Kerner, H., Chaudhari, S., Ghosh, A., Robinson, C., Ahmad, A., Choi, E., Jacobs, N., Holmes, C., Mohr, M., Dodhia, R., Ferres, J. M. L., and Marcus, J. (2024) Fields of the World: A Machine Learning benchmark dataset for global agricultural field boundary segmentation. arXiv (Cornell University). doi:10.48550/arxiv.2409.16252 

CRIB News
Tools for Sustainable Research Software

One of the research topics we concentrate on at CRIB is sustaintable research software. Together with the Netherlands eScience Center, we organized a mini symposium in 2022 about the topic with a special focus on geospatial software. Recently we are working with a large number of partners in the TDCC NES project on "Best Practices for Sustainable Software". The work package we are leading aims to develop tools to enable and facilitate the best practices.
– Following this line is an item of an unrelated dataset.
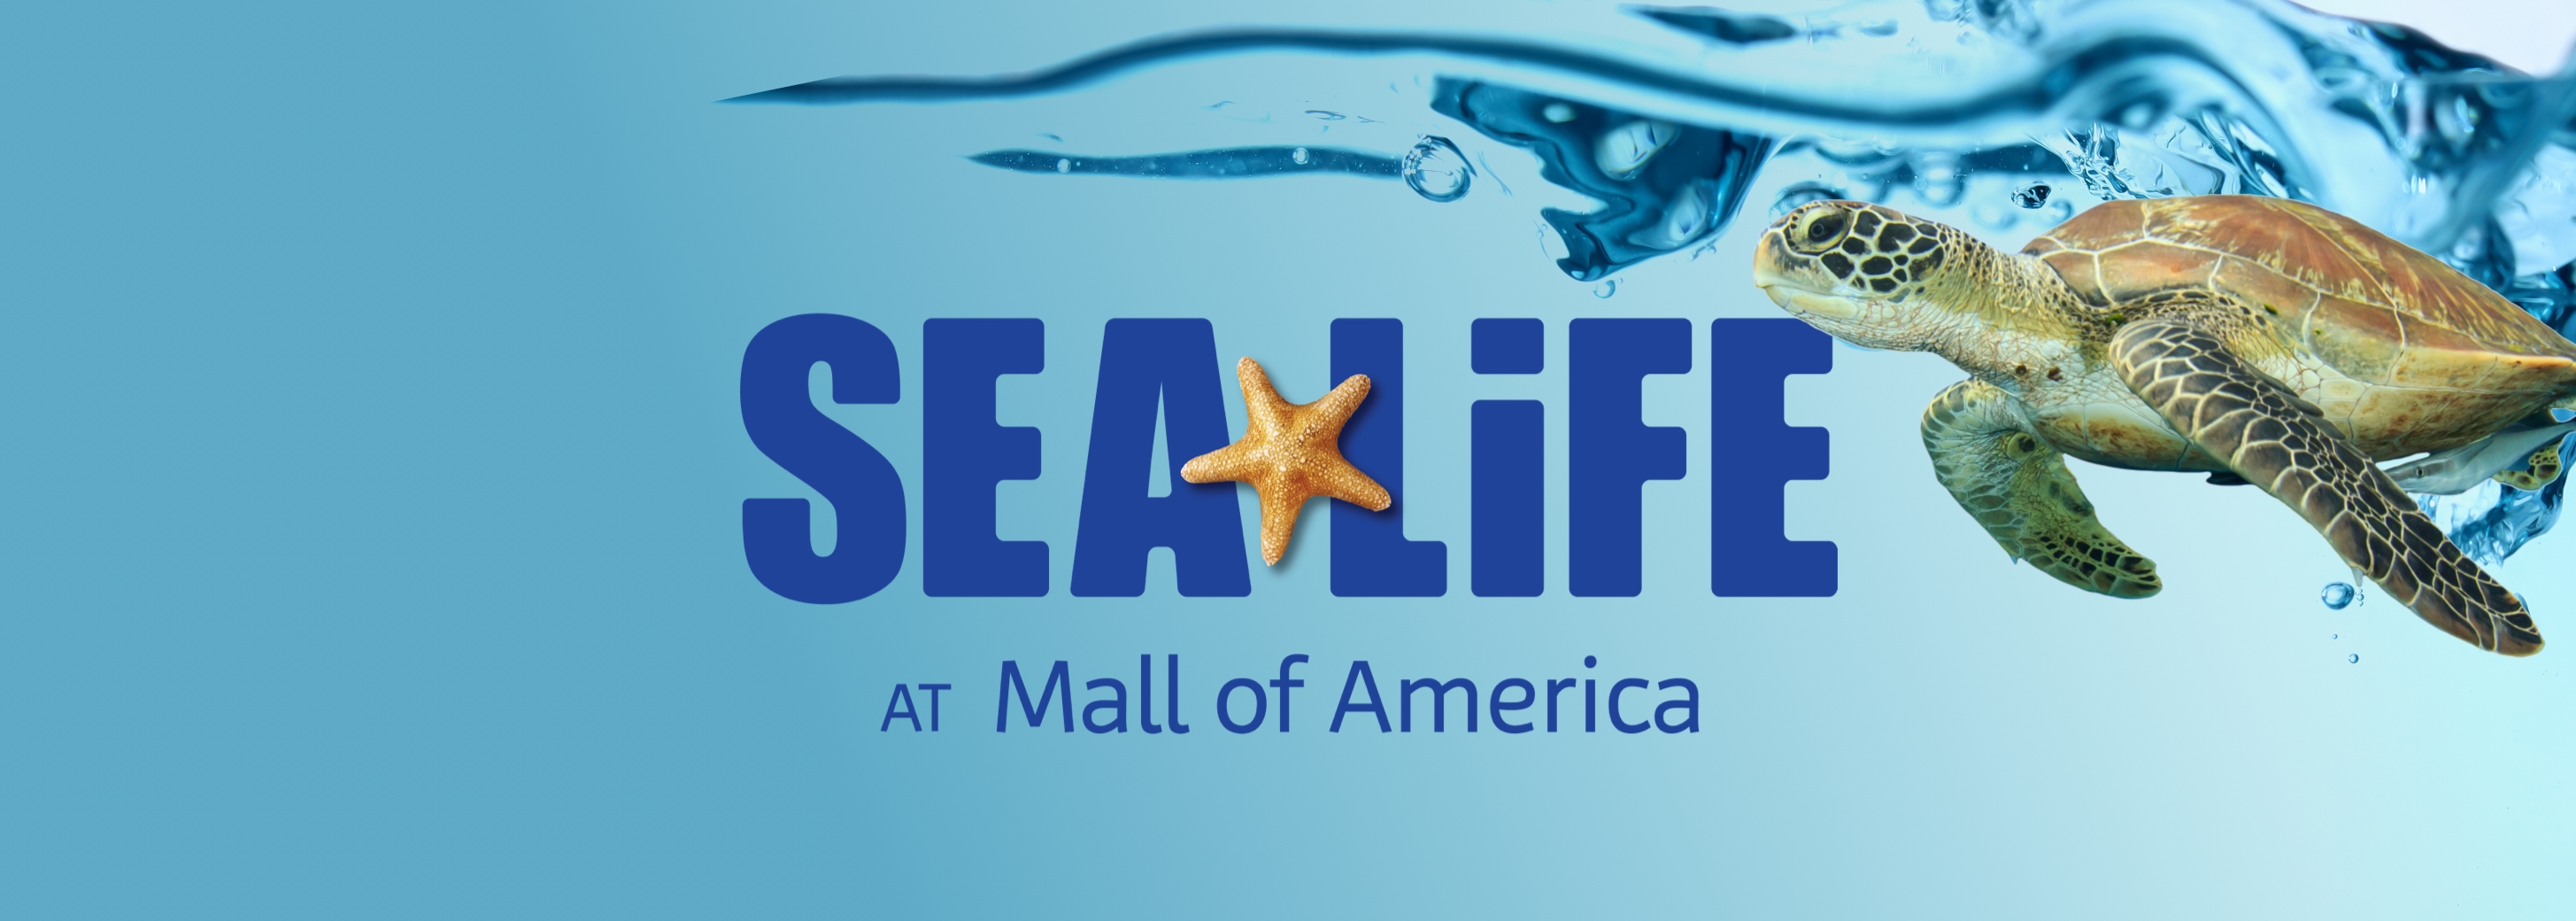 SEA LIFE Aquarium at Mall of America Discounts for Military, Nurses, & More

In October, during the National Open Science Festival (OSF 2024), we had the first public announcement of two such tools: MetaTemplate - a modern meta-template (i.e. template of templates) for creating research software templates, and CodeScanner - a Python package and command line tool to check code quality and conformity with research software development best practice. Currently both tools are in alpha version, so some further development is required to make them fully functional. But the first feedback we got was quite positive, as you can see in the post-it picture!

If you want to have a look at the ideas we have regarding research software templates and conformity checking tools, you can check our OSF 2024 presentation slides available on Zenodo.